詳細は以下のページに記載されているのでご興味のある方は参考にしてください。
https://www.brainpad.co.jp/rtoaster/best/recommended_cross_sell/
・ユーザーの嗜好が向いている特集ページを表示することで潜在的な興味関心を引き出す
ECサイトの特集ページでは、季節やターゲット層によって狭く深く訴求できるコンテンツが作成可能です。しかし、さまざまな切り口で商品を提案できるからこそ、ページが増えてしまいリーチしたい層にページが届かないこともあるでしょう。
とあるECサイトでは、レコメンドエンジンを活用し、サイトの閲覧履歴から「この商品を見ている人はこの特集ページを見ています」というおすすめを提示することで、ページの閲覧を促進するキャンペーンを行いました。結果として、特集ページの閲覧数が向上し、コンテンツを切り出しできるため、過去の特集ページの有効活用にもつながりました。
詳しい施策内容や、導入背景は以下のページをご覧ください。
https://www.brainpad.co.jp/rtoaster/case/detail10/
●リピート獲得×レコメンドエンジン
レコメンドエンジンを用いることで、ユーザーの趣向に合わせたコンテンツが表示されるため、リピートユーザーの獲得が見込めます。レコメンドエンジンによって潜在的なニーズをユーザーから引き出せた場合は、ECサイトでの購買体験が実店舗での接客営業に相当し、優良顧客になりやすくなります。
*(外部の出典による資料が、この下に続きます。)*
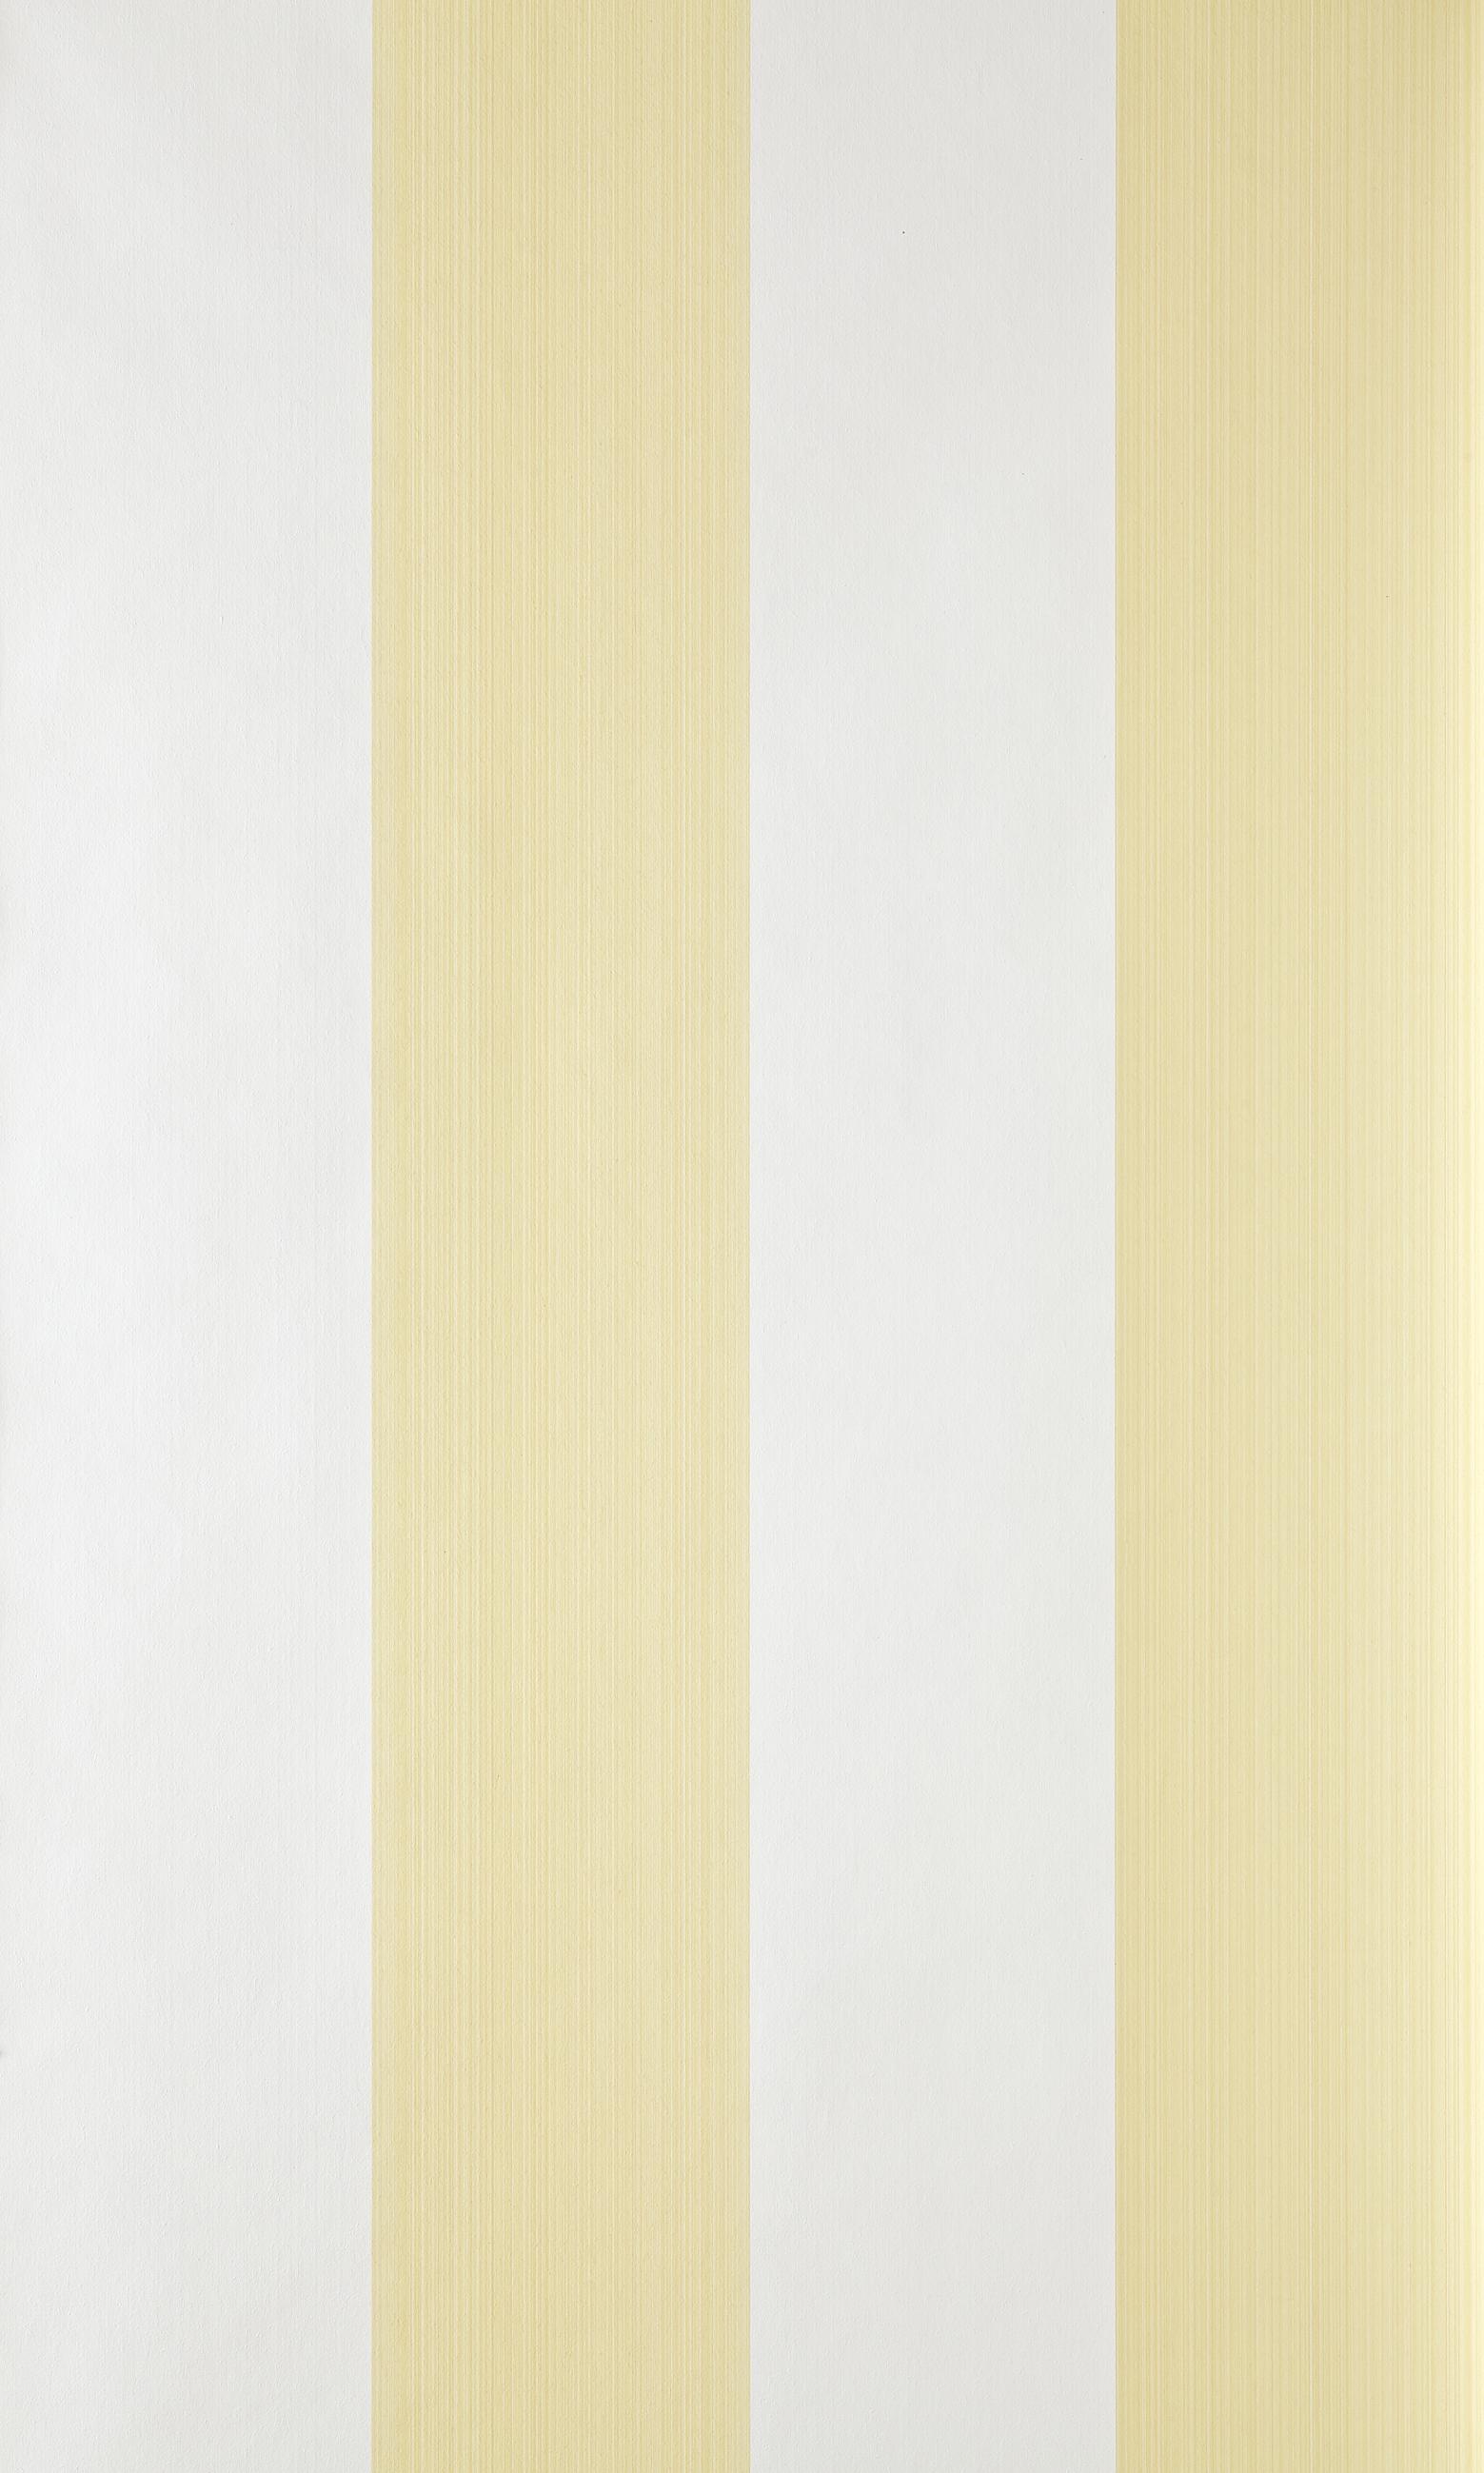 Broad Stripe 1319 $195 Per Roll  Order Now

・ユーザーの”お得意様度”に応じて商品表示を切り替える
レコメンドエンジンを活用することでユーザーがどれだけサイトを訪れているかによって、おすすめする商品を自動で切り替えられます。「洋服の青山」と「THE SUIT COMPANY」では、カテゴリーごとのレコメンドではなく、ユーザーの過去の行動パターンに基づくレコメンドで、クリック率を向上、月平均注文件数の7〜8%向上を実現しました。詳細は以下のページに記載されているのでご興味のある方は参考にしてください。
https://www.silveregg.co.jp/archives/casestudy/aoyama
・テレビCMとレコメンドエンジンの両輪で効果的な広告施策を実現
法人向けに梱包材を販売しているダンボールワンではテレビCMで得られたECサイトへの集客効果に対し、期待していたほどの売上が得られませんでした。そこで次なるマーケティング施策として、レコメンドエンジンの活用によるUX向上に取り組みました。具体的にはニーズが定まっていないユーザーに向けてカートに入れた商品に関連するものを見せたり、目的買いが多い小規模なBtoC事業者のユーザーには、購入する可能性の高い商品を追加でおすすめしたりすることで、再訪ユーザーの商品購入点数を130%増加させるなどの効果を得られました。詳細は以下のページに記載されているので、ぜひ参考にしてください。
https://www.silveregg.co.jp/archives/casestudy/notosiki-DANBALL-ONE
効果的なECマーケティング施策で売上向上へ
確かに、ECでは顧客に直接商品をアピールしたり、要望を聞いたりといった、対面販売では当たり前のコミュニケーションができません。
しかし、テクノロジーを駆使した機能やECだからこそ収集できるデータをうまく使うことで、精度の高いマーケティングができれば、ロイヤル顧客を増やせます。ECマーケティングに力を注いで、売上アップを実現しましょう。